Надо сказать, что застою сопутствовало все растущее пьянство. Это уже ни для кого не секрет. В те поры водка как бы входила прямо в кровь народа, она стала, к несчастью, привычнейшим и потому особенно опасным элементом быта. Эта страшная обыденность алкоголя невольно выразилась в ранних стихах Рубцова — «Другу» и некоторых других. Строка «Раскрывая с другом пол-литровки...» звучала слишком привычно, и с бравадой еще. А строка «Ты будешь водкой обеспечен...» тогда звучала, думаю, совсем не юмористически, как можно прочитать ее сейчас. В целом подобные стихи Рубцова могут быть вещественным доказательством и обвинительным актом тому времени (50—60-е годы) и тем людям, которые могли, но не повлияли на пьянство, на нравственность народную.

«Живу я в Ленинграде» публикуется впервые. Примыкает к трем предыдущим по своему содержанию.

«Гость». Его совершенные строки не нуждаются в комментарии.

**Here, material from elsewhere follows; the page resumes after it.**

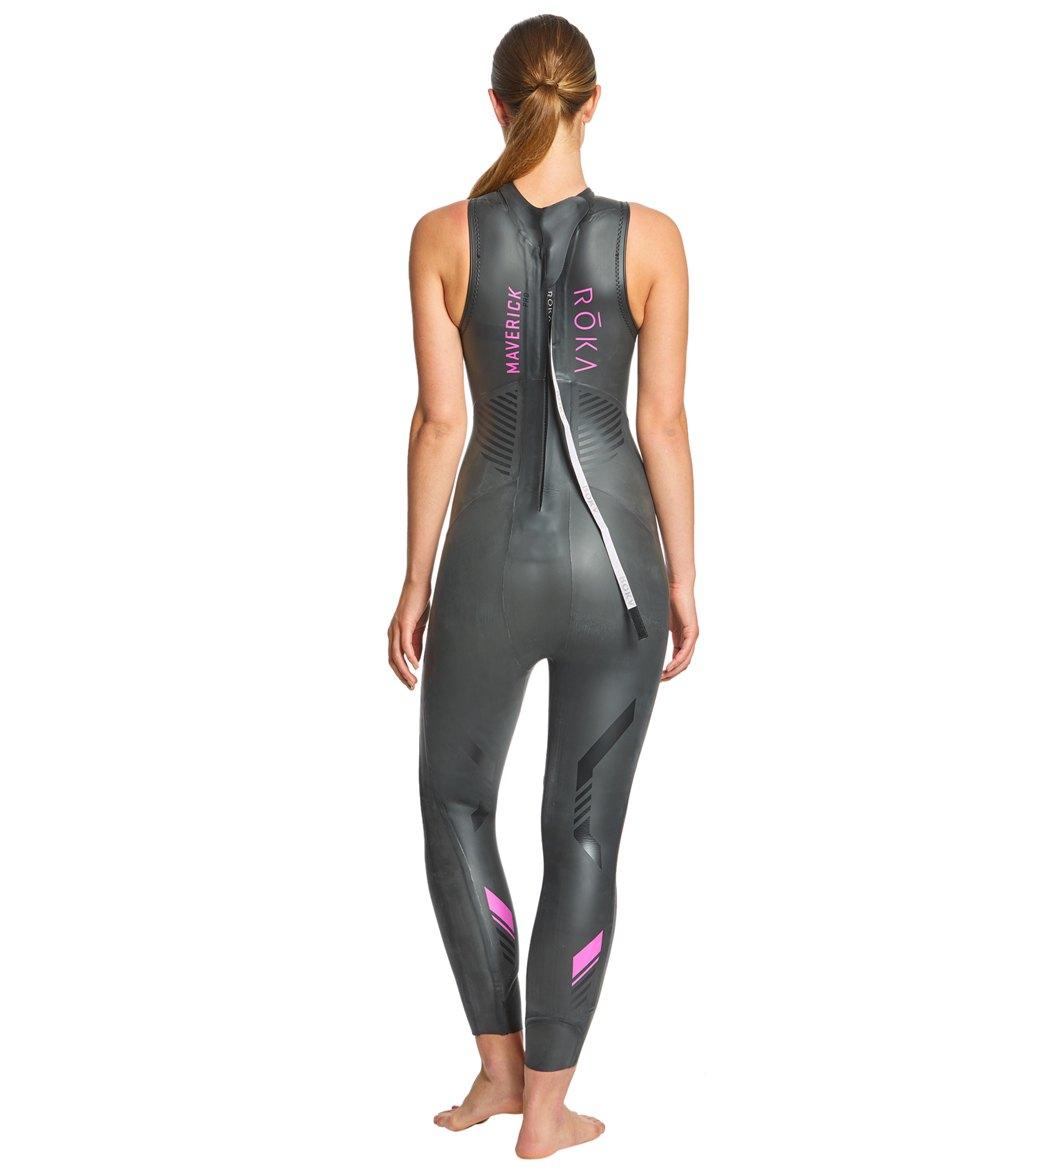 ROKA Women s Maverick Pro II Sleeveless Tri Wetsuit at SwimOutlet ... 2df0055f0

Разве что вспомнить тут слова поэта Юрия Кузнецова о «задавленности» поколения, родившегося в предвоенные годы («Книжное обозрение», 1987, № 40).

«Если жизнь начать сначала...» ответом Рубцова на прекрасное стихотворение Станислава Куняева, которое начиналось так:

Если жизнь начать сначала, 

В тот же день уеду я 

С Ярославского вокзала 

В вологодские края. 

Перееду через реку, 

Через тысячу ручьев 

Прямо в гости к человеку 

По фамилии Рубцов...

Николай Рубцов ответил блестяще — с юмором, хорошей злостью. Пользуясь случаем, поэт высказал свое отношение и к окололитературной братии, и к болтунам рангом повыше.

Кроя наших краснобаев, 

Всю их веру и родню...

В этих строчках не только неприятие, но и протест против многих явлений столичной и нестоличной жизни. Прежде всего жизни литературной, с ее коррупцией, блатом, диктатом издателей... Строка, звучащая по отношению к Ст. Куняеву доброй усмешкой,— «Он описывает жизнь...» — всей своей издевательской силой обрушивается на маститых графоманов, увенчанных должностями и премиями.

Названное стихотворение опубликовано в книге критической прозы Ст. Куняева «Свободная стихия» (М., «Современник», 1979). Оно перекликается со многими стихами Рубцова. Взять «Свидание», горькую иронию его строк: «Звенит хрусталь и действует на чувства, мы входим в зал без всякого искусства, а здесь искусством, видно, дорожат...». И мы можем только догадываться, какие чувства испытывал поэт, когда приезжал из полунищей вологодской деревни в Москву или другие крупные города.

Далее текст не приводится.